选择所有子项文本值[重复]

This question already has an answer here:

How do you parse and process HTML/XML in PHP? 30 answers

Text to parse

<div id="test">some<b>bold</b> or <i>italic</i> text</div>
<div id="test">and again<b> bold text</b><i>and italic text<i></div>

Result i'd like to have

1 : some bold or italic text
2 : and again blod text and italic text

What I tried

string(//div)
normalize-space(//div)

Give the good formatting answer, but only one result came.

id('test')//text()

Give all text but split the result.

I tried to use string-join, or concat but with no luck.

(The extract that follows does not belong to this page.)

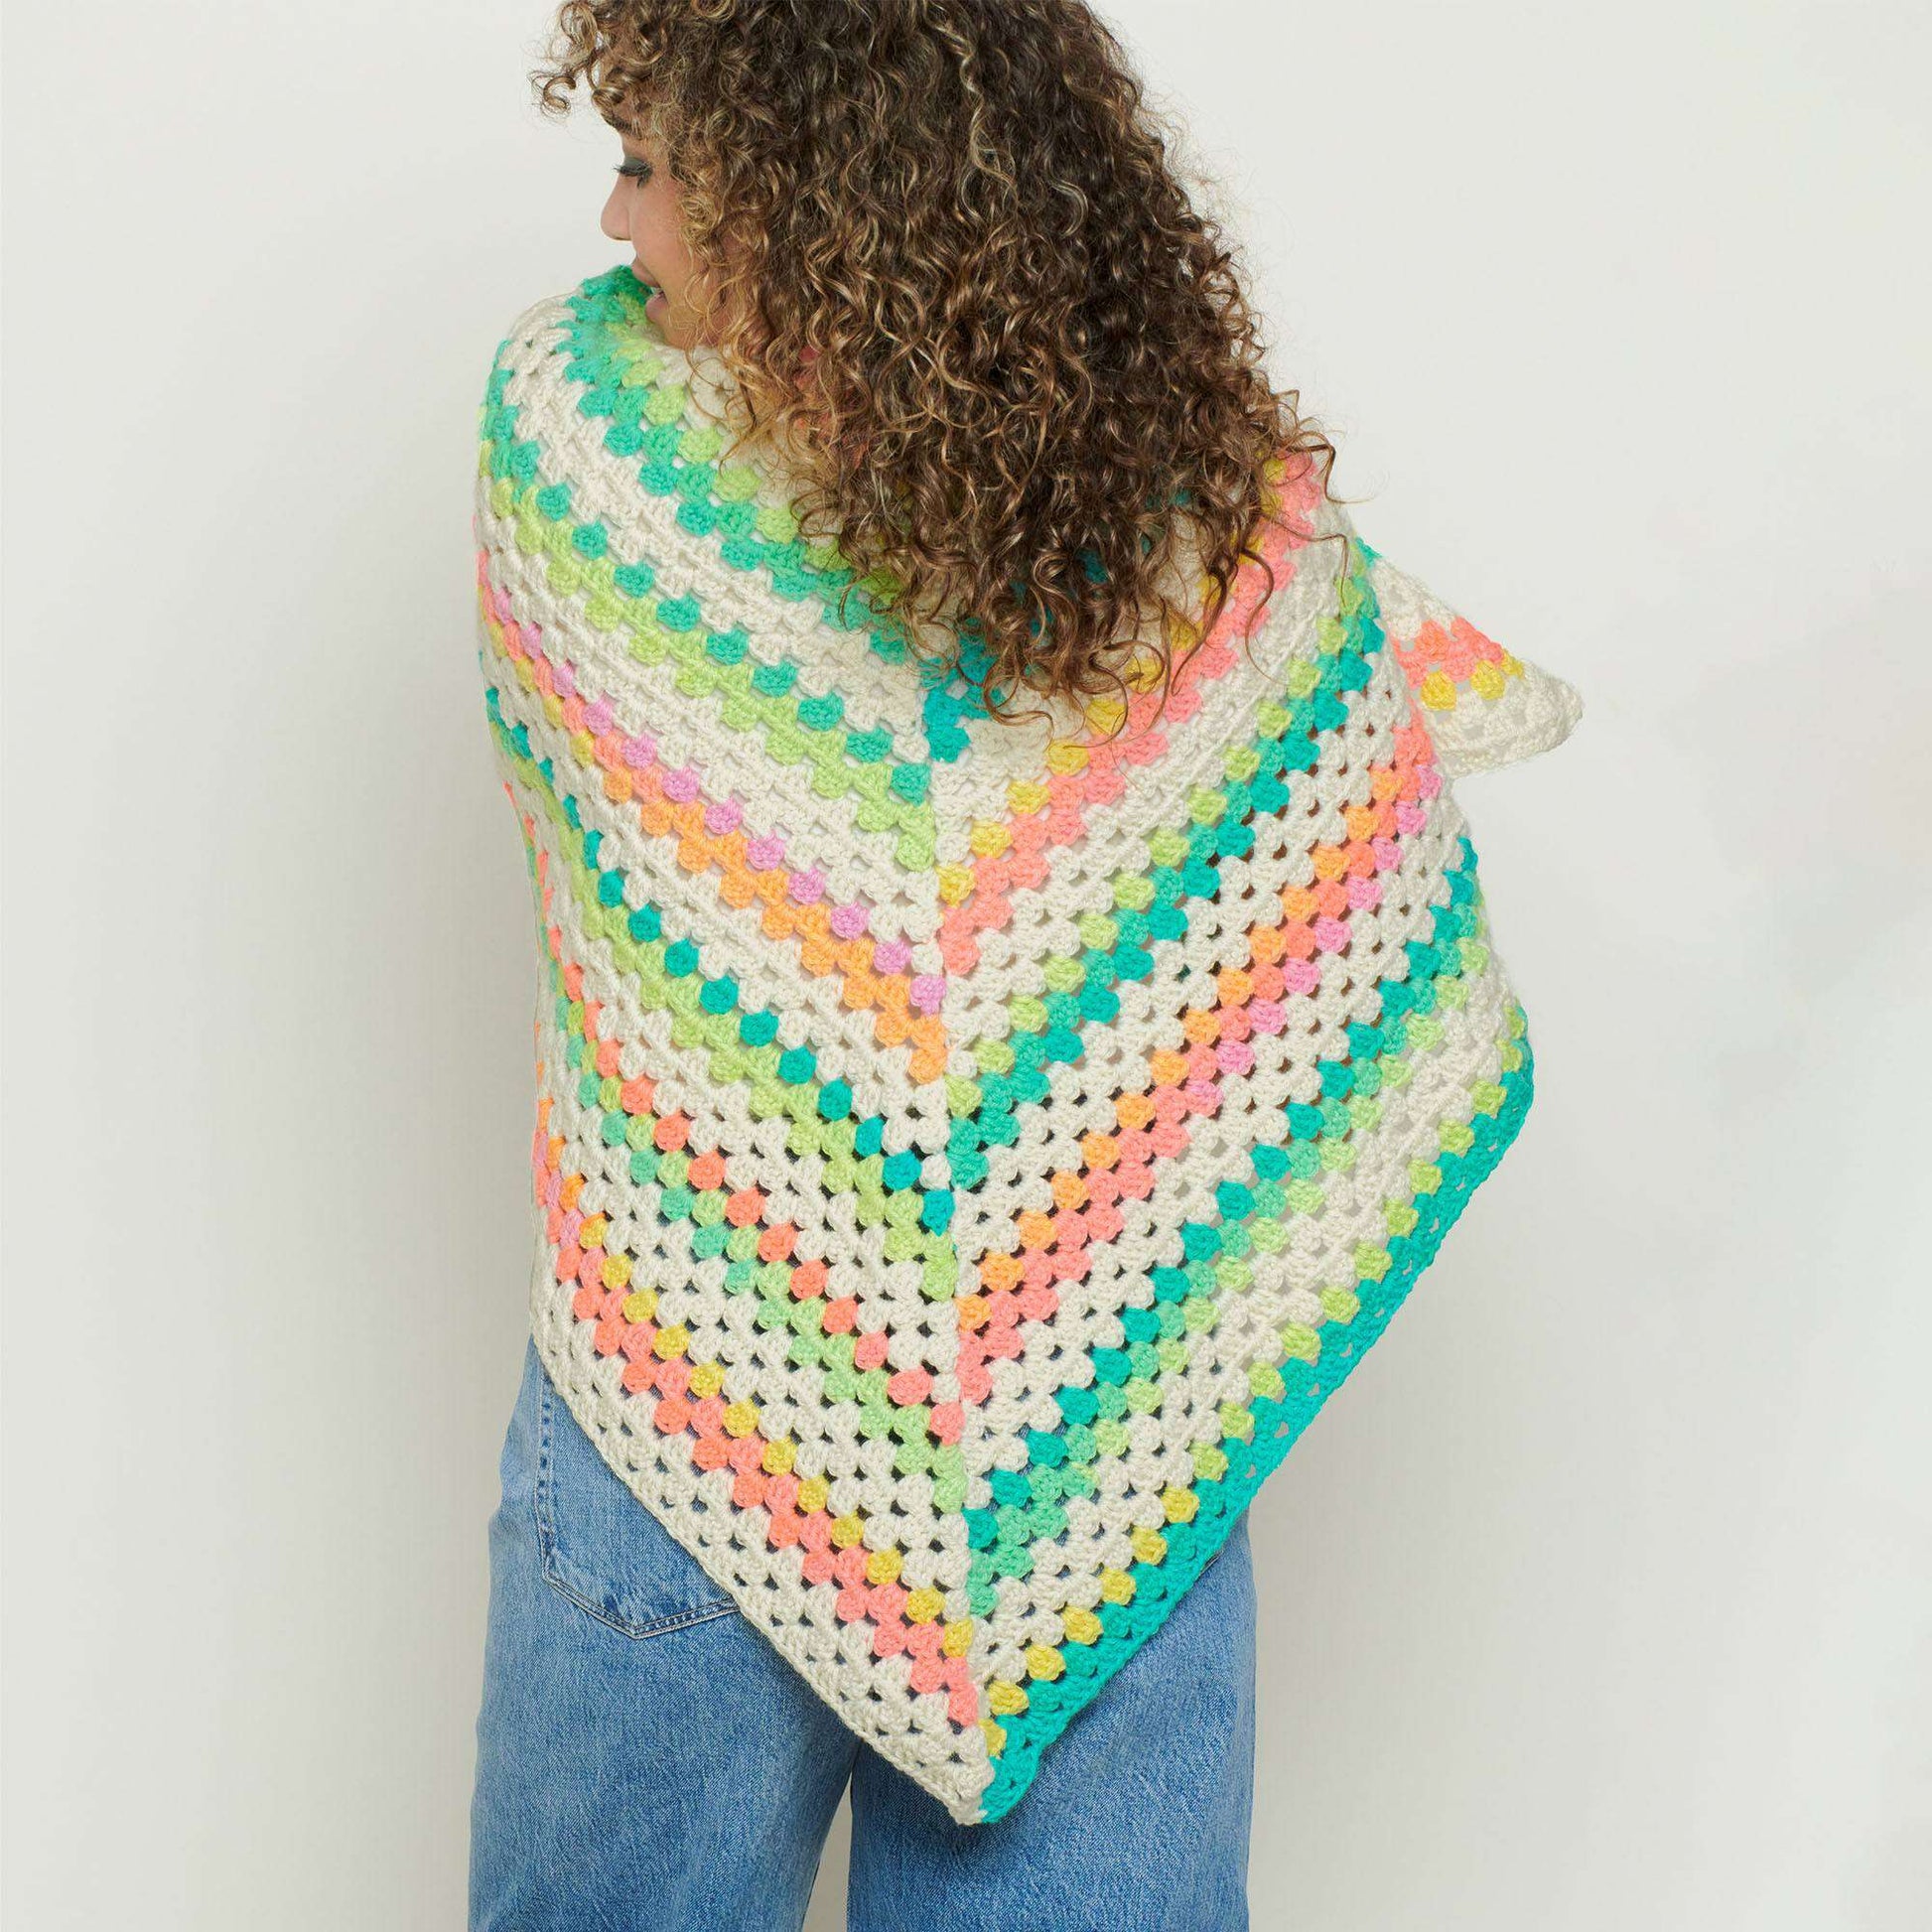 Free Red Heart Staggered Stripes Crochet Shawl Pattern

I want to do this in php.

</div>

Try this:

             $dom = new \DOMDocument();
             $dom->loadHTML('<!DOCTYPE HTML>
<html lang="en-US">
<head>
       <meta charset="UTF-8">
       <title></title>
</head>
<body>
       <div id="test1">some<b>bold</b> or <i>italic</i> text</div>
       <div id="test2">and again<b> bold text</b><i>and italic text</i></div>
</body>
</html>');

              $xpath = new \DOMXPath($dom);
              foreach ( $xpath->query('//div[contains(@id,"test")]') as $node ) {
                      echo $node->nodeValue , PHP_EOL;
              }

Outputs:

somebold or italic text
and again bold textand italic text

There is not many style marks in html, you can try just create your own function to erase the unwanted html. Something like:

function htmlToText(text) {
    return text.replace(/<i>/i, '').replace(/<b>/i, '').replace(/<s>/i, '').replace(/<span>/i, '');
}

You're going to need to use regular expressions here to extract the text from inside the HTML tags. If you're not hot on regex, this site will burn you up.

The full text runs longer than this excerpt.